The inequality is as follows:
$\frac{a^2+2}{\sqrt{a^2+1}}\ge2$
Ive tried squaring both sides and then making long division to simplify the left side, wich leaves me with a polynomial. I subtracted the 2 from both sides and tried to factor the left side, without success. What is a simpler way to do it?
It's true for all $a$. Set $x = a^2$, then you see $(x^2 + 2) > 0$ (square both sides). That is true for all real $x$.
Hint: write it as $ \;\cfrac{(a^2+1)+1}{\sqrt{a^2+1}} = \sqrt{a^2+1} + \cfrac{1}{\sqrt{a^2+1}}\ge2\,$.

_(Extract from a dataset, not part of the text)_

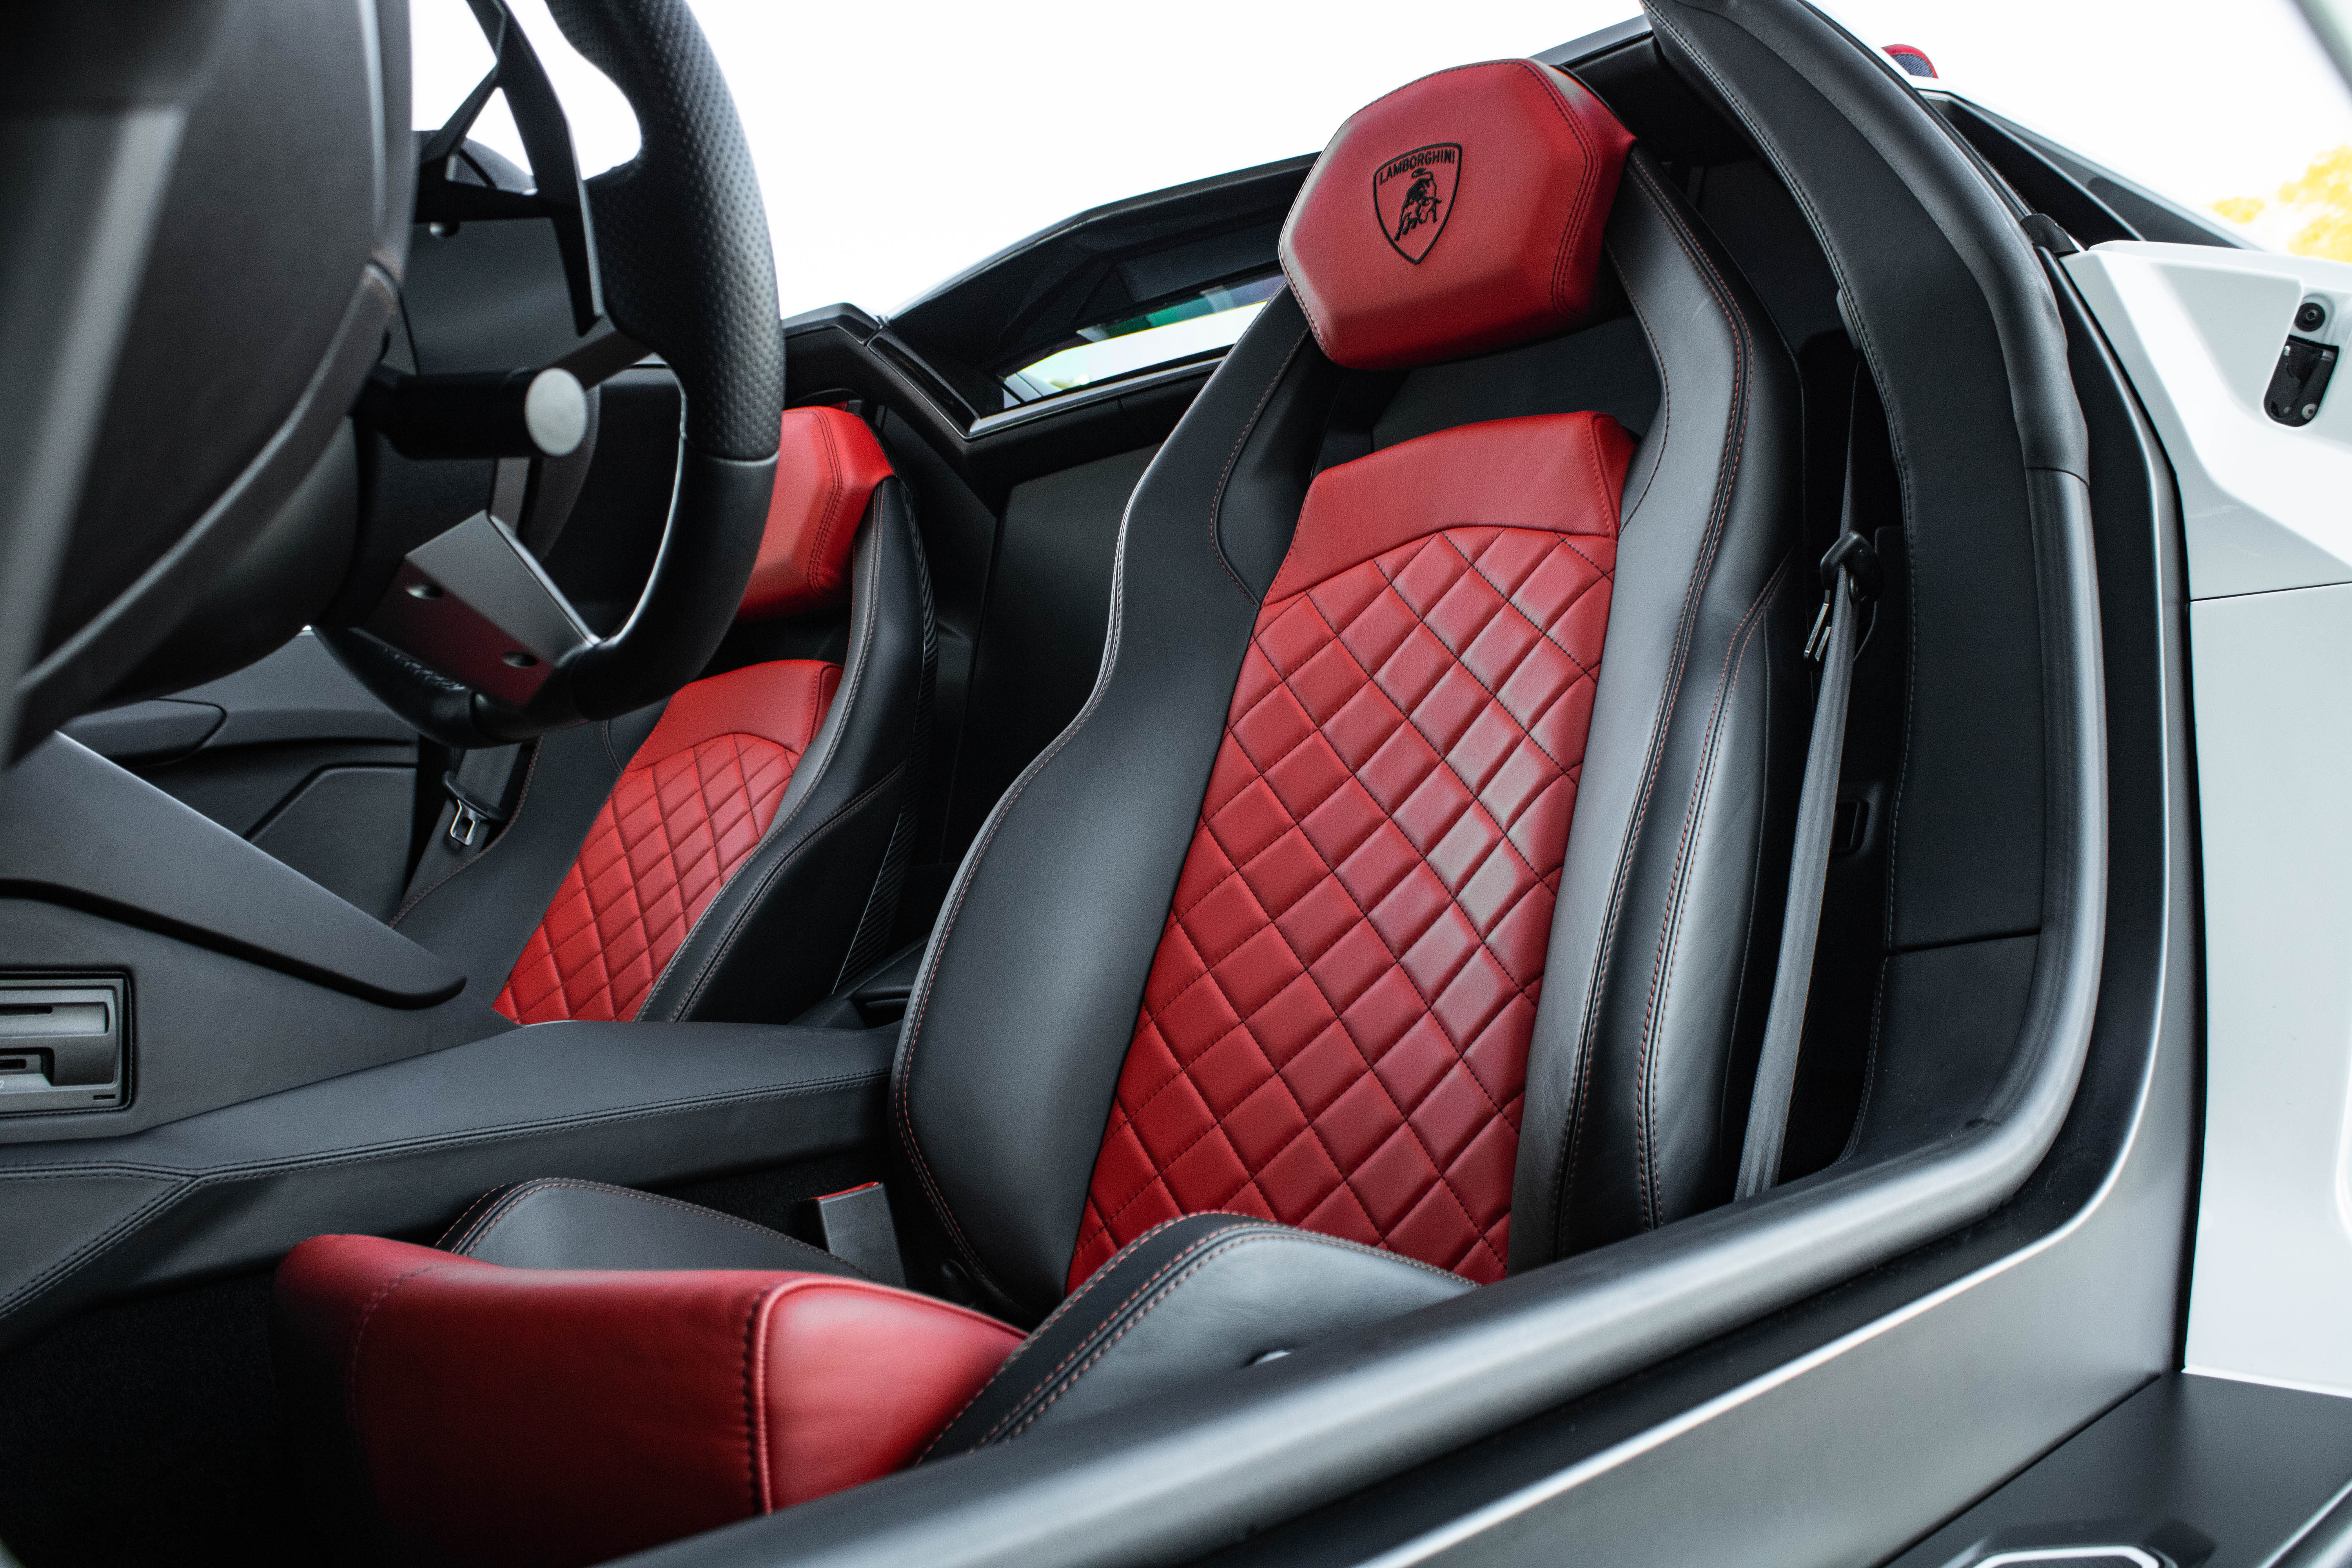 2015AventadorLP700-4 Roadster Pirelli Edition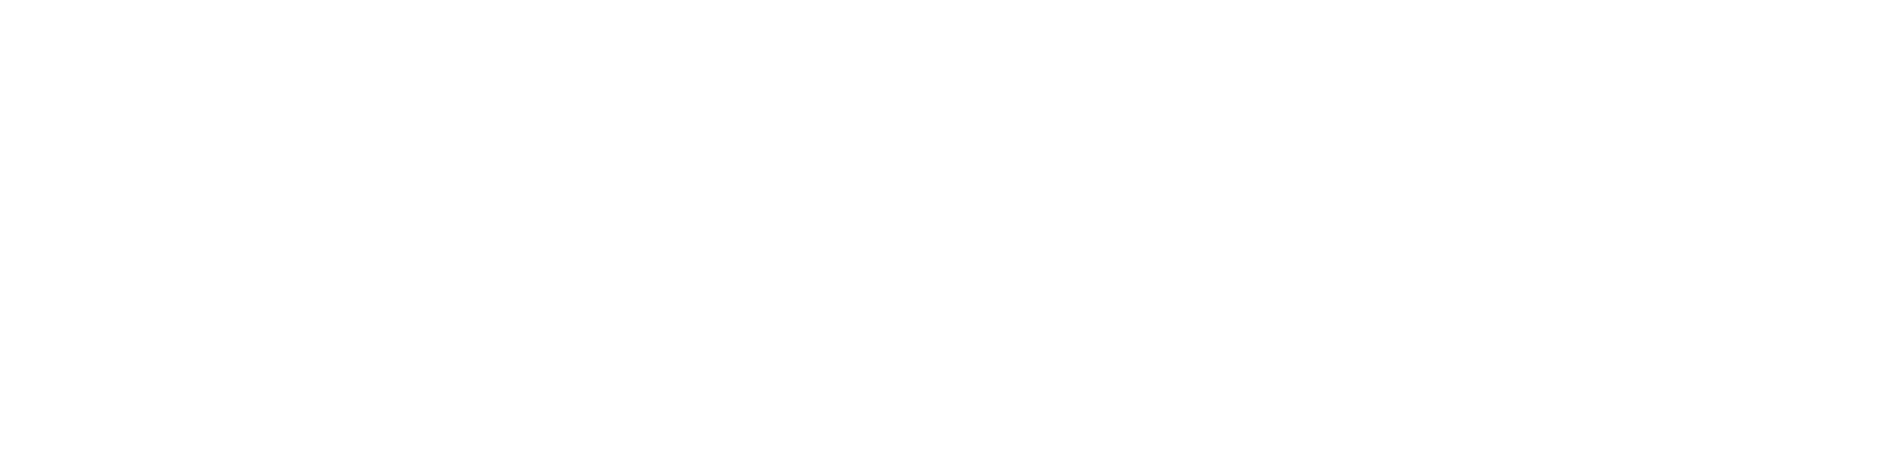 Bitmagic logo

Maybe AM-GM inequality, $(a^2+2)=(a^2+1)+1\geq 2\sqrt{a^2+1}$, so $\frac{a^2+2}{\sqrt{a^2+1}}\geq 2$
Observe the inequality is true when $a$ is replaced by $-a$. Thus we assume $a \ge 0$, and put $a = \tan \theta$, $0 \le \theta < \dfrac{\pi}{2}\implies$ $$\text{LHS} - \text{RHS}= \dfrac{\tan^2 \theta + 2}{\sec \theta}-2 = \dfrac{\sec^2 \theta +1}{\sec \theta} -2 = \cos \theta\left(\sec \theta - 1\right)^2 \ge 0.$$